1) Adanya perasaan was-was dan kekhawatiran yang kronis

2) Harapan yang tidak realistik apalagi bagi seorang perfeksionis

3) Berpikiran yang terlalu kaku, kurang fleksibel

4) Orang yang selalu pessimis

5) Terlalu berpikiran negative terhadap situasi lingkungan

Lalu, bagaimana dampak stress pada manusia, dan bagaimana cara mengelolanya?
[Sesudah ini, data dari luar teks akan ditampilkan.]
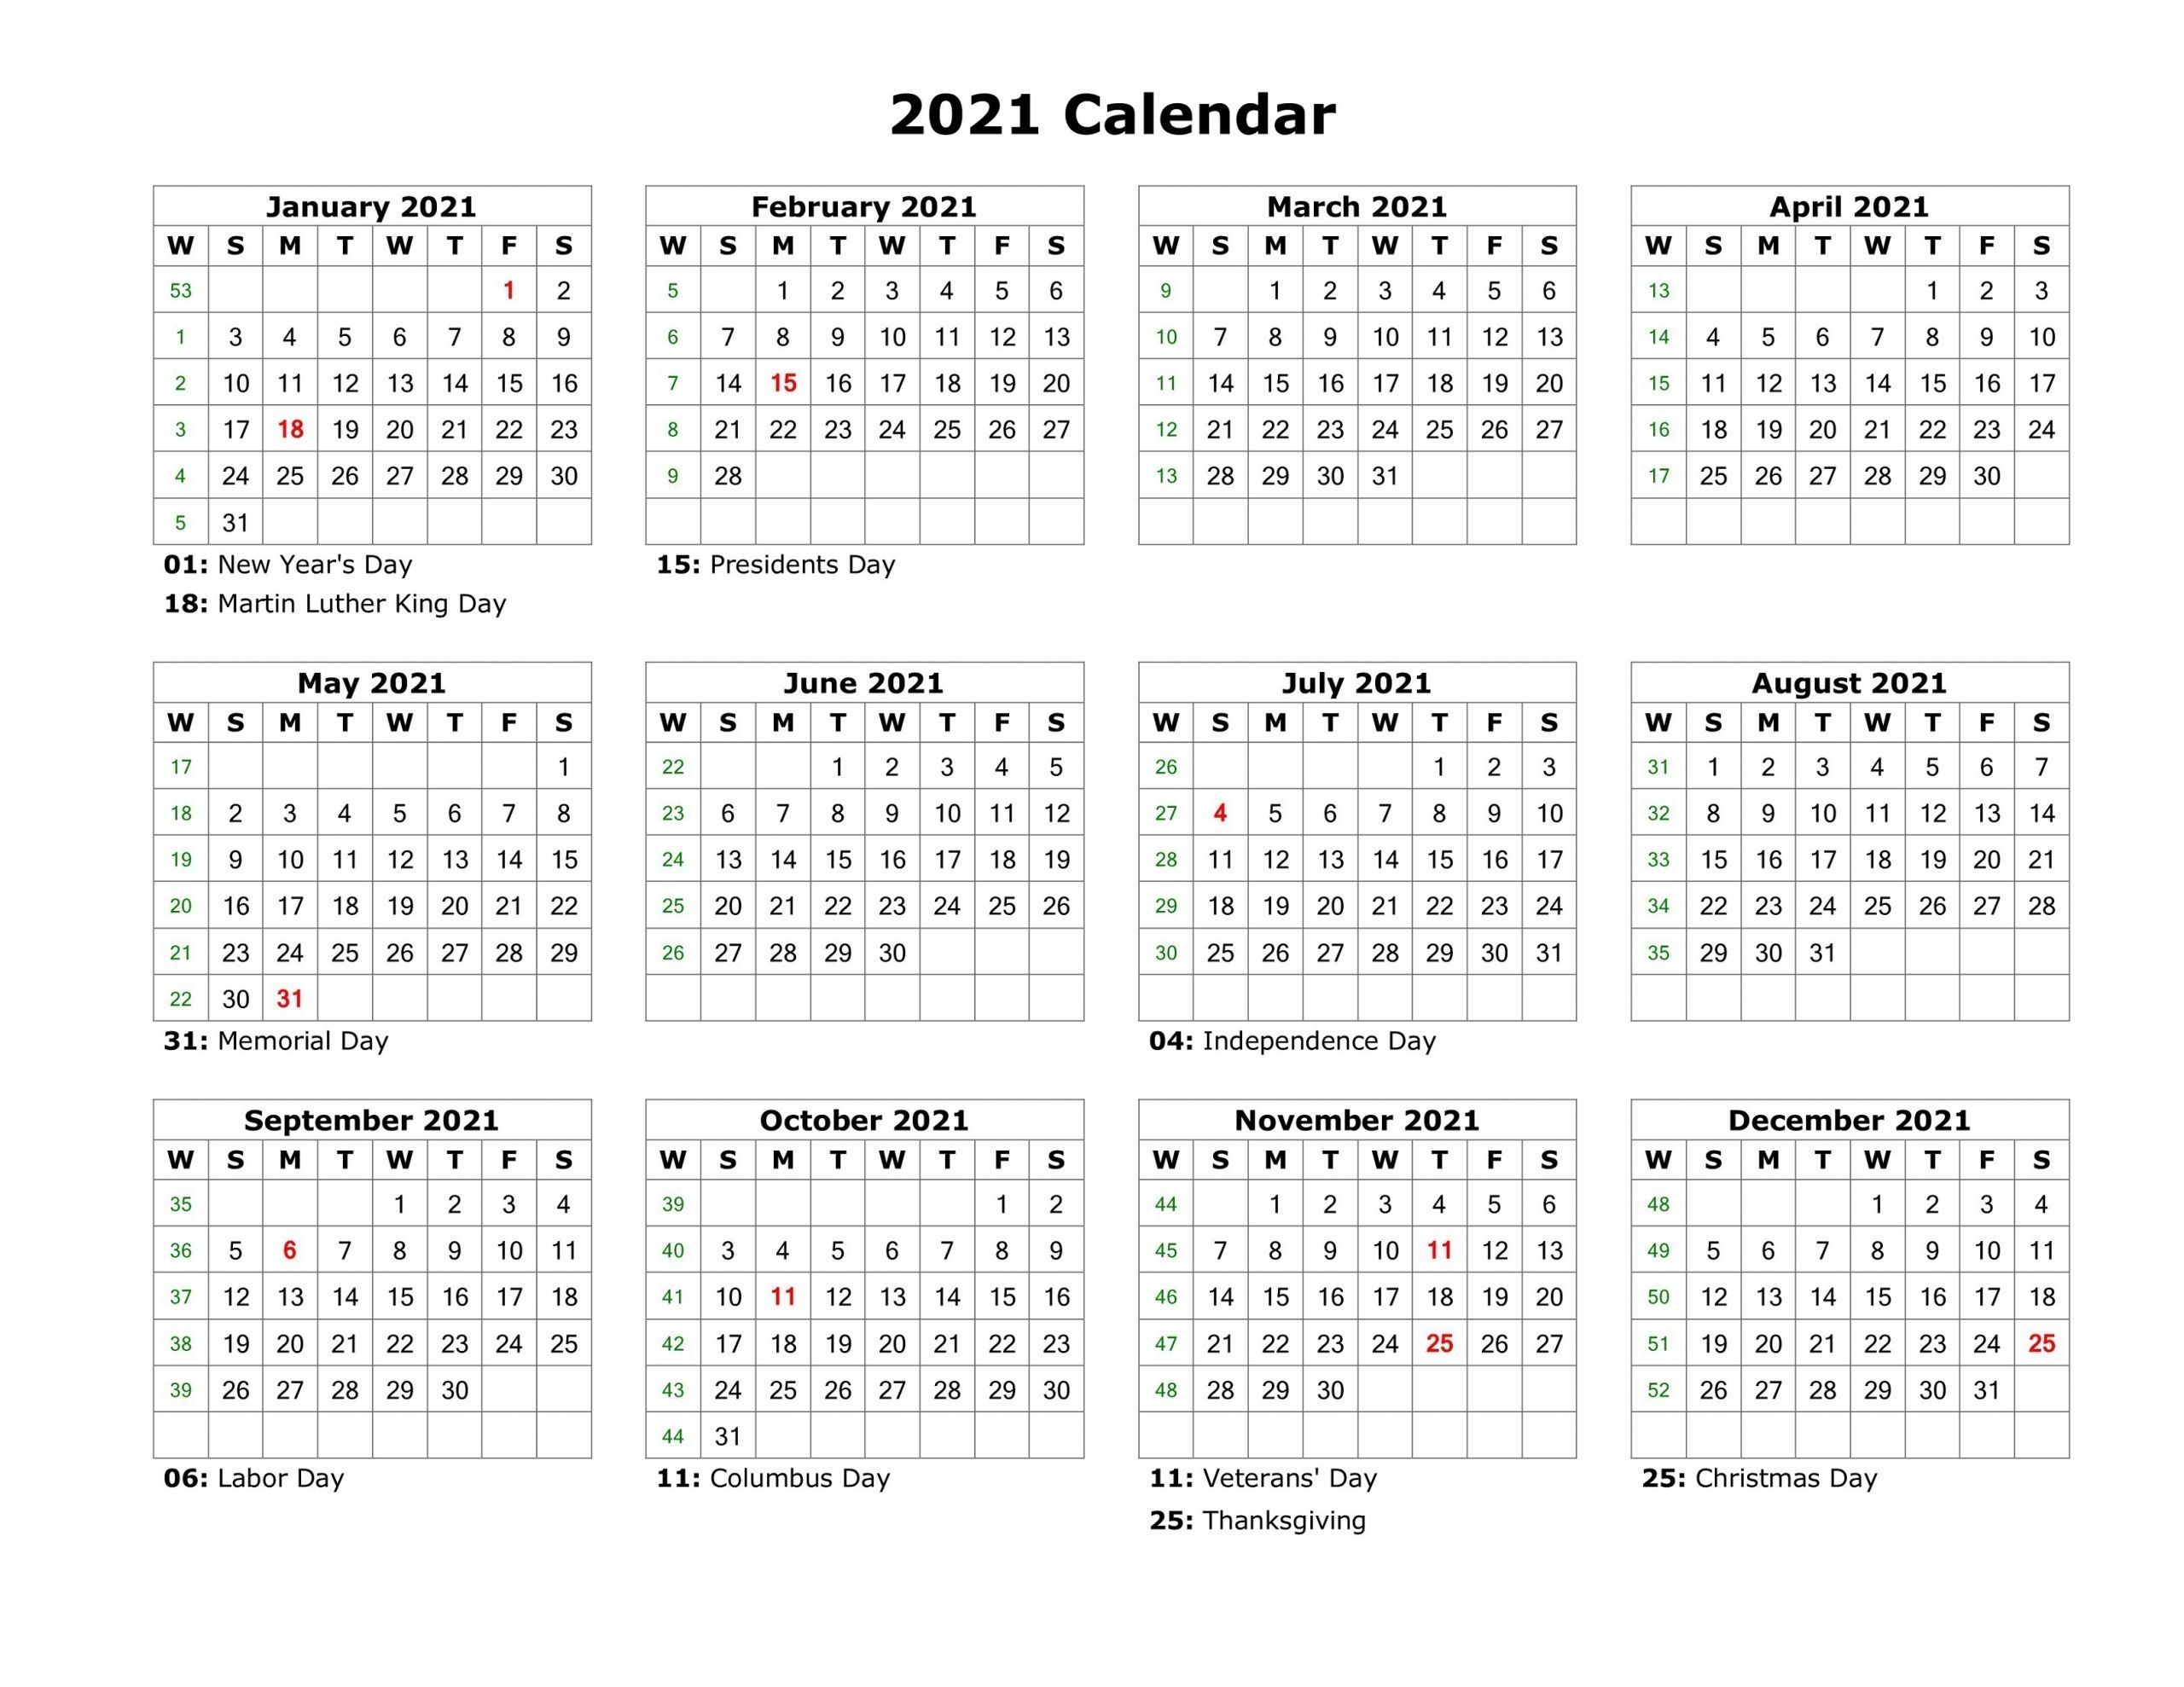 Catch Free Month At A Glance 2021 Calendar

Beberapa akibat stress yang gampang terlihat, antara lain :

1) Timbulnya berbagai macam penyakit

2) Depresi

3) Sakit jantung

4) Kondisi susah tidur

5) Berat badan bisa turun drastis atau bisa juga naik tergantung reaksi individu

6) Rasa gatal-gatal dan penyakit kulit kainnya seperyi eksim

Cara mengelola stress (“Stress Management”) adalah sebagai berikut :

1) Lakukan kegiatan Olah Raga sesuai kegemaran

2) Hidup lebih teratur

3) Menerima dengan ikhlas segala kenyataan yang tidak mungkin bias dirubah

4) Gunakan waktu yang banyak untuk hal-hal yang lucu dan menggembirakan

5) Perbanyak kegiatan relaksasi

6) Perbanyak kegiatan pergaulan dengan sahabat-sahabat sebagai tempat curhat.
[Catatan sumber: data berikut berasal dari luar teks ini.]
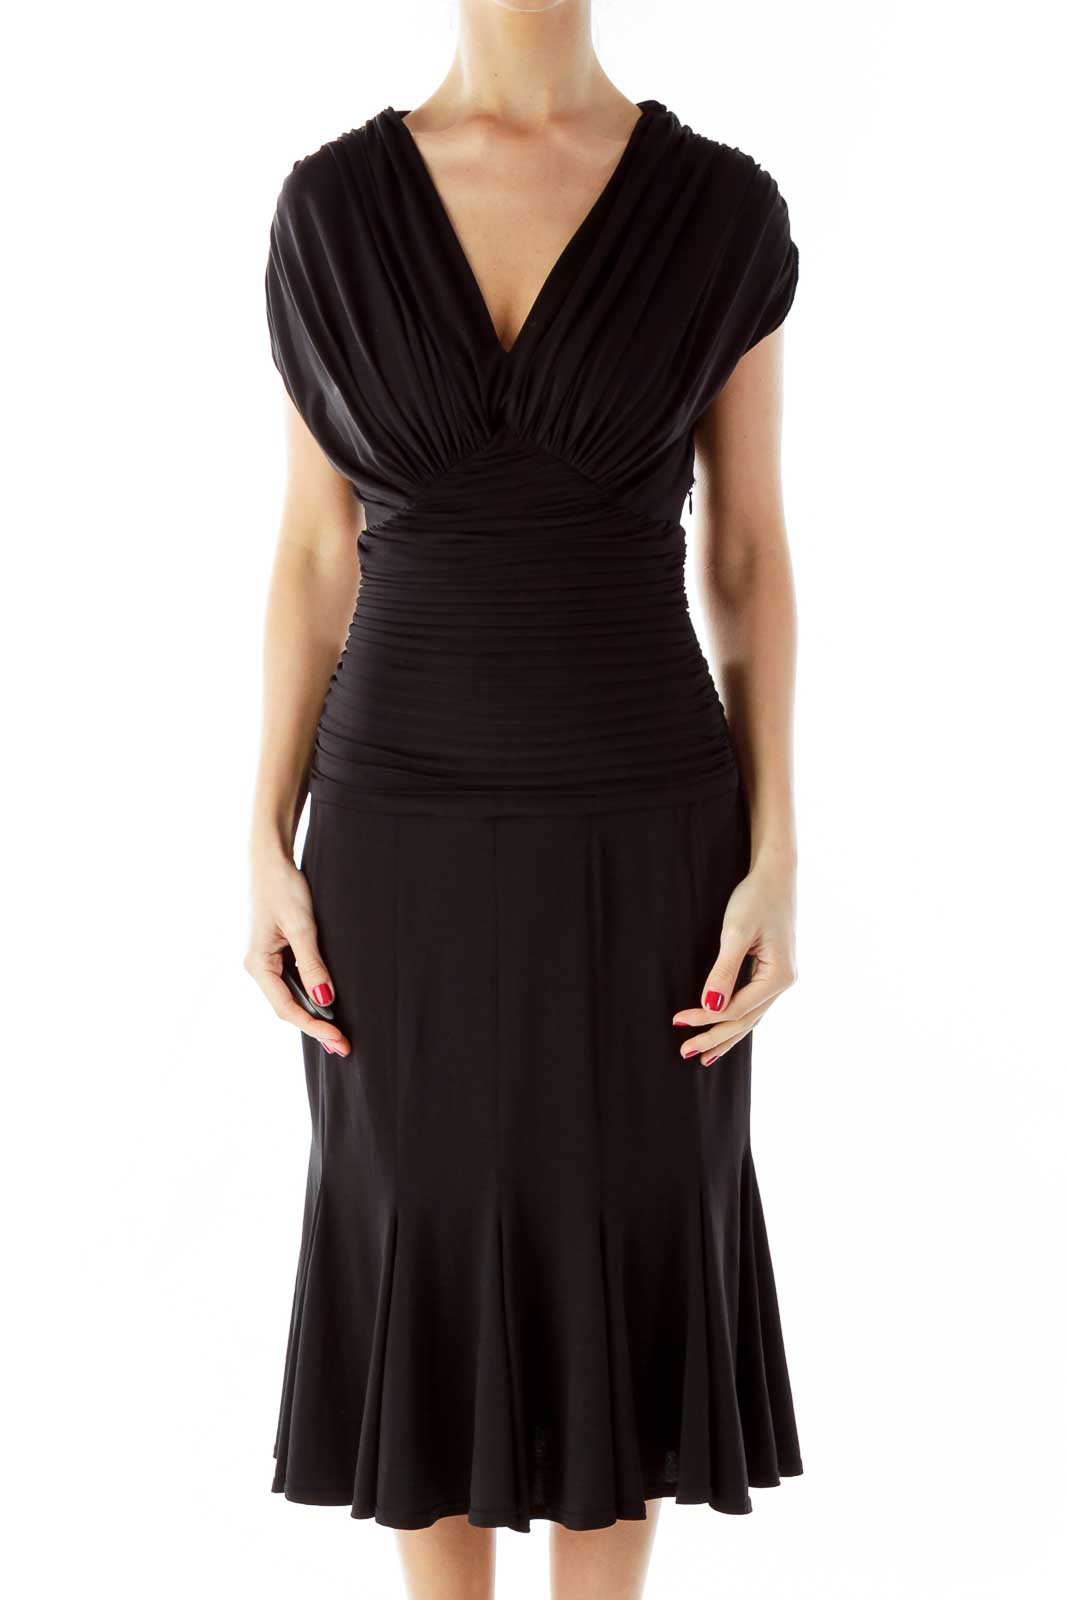 Black Scrunched Cocktail Dress Front

CRM (Crew Resource Management). Salah satu aplikasi yang berkaitan dengan Human Factor dalam kelompok awak pesawat yang bekerja sama secara sinergi dalam pengoperasian pesawat terbang diwujudkan dalam CRM sebagai sebuah bentuk perjanjian kerja sama sehingga harus ada persyaratannya, antara lain :

  1. Konsepnya haruslah jelas dan harus dipahami serta dihayati oleh masing-masing awak pesawat

  2. Pengetahuan dan skill masing-masing awak pesawat sesuai bidangnya haruslah prima

  3. SOP harus ada dan dimengerti oleh masing-masing awak pesawat

  4. Latihan kerjasama sinergi harus sering dilakukan

  5. Captain Pilot bertanggung jawab secara hukum dan peraturan

  6. Semua awak pesawat harus patuh kepada SOP dengan mengabaikan karakter masing-masing

  7. Perlu saling pengertian sesama awak pesawat

Bukan saja dalam bidang penerbangan, tetapi dalam segala hal faktor Manusia memegang peranan yang sangat penting, sehingga banyak pemerintah Negara didunia yang mengutamakan pembangunan SDM nya sebelum pembangunan di bidang lain. Falsafah kuno bangsa China tentang Manusia “ :

If You want one month prosperity, grow corn
if You want a year prosperty, grow trees
If You want a hundred years of prosperity, grow people

Catatan Redaksi :
Tulisan dari seorang pensiunan AAU 64 yang masih gemar menulis.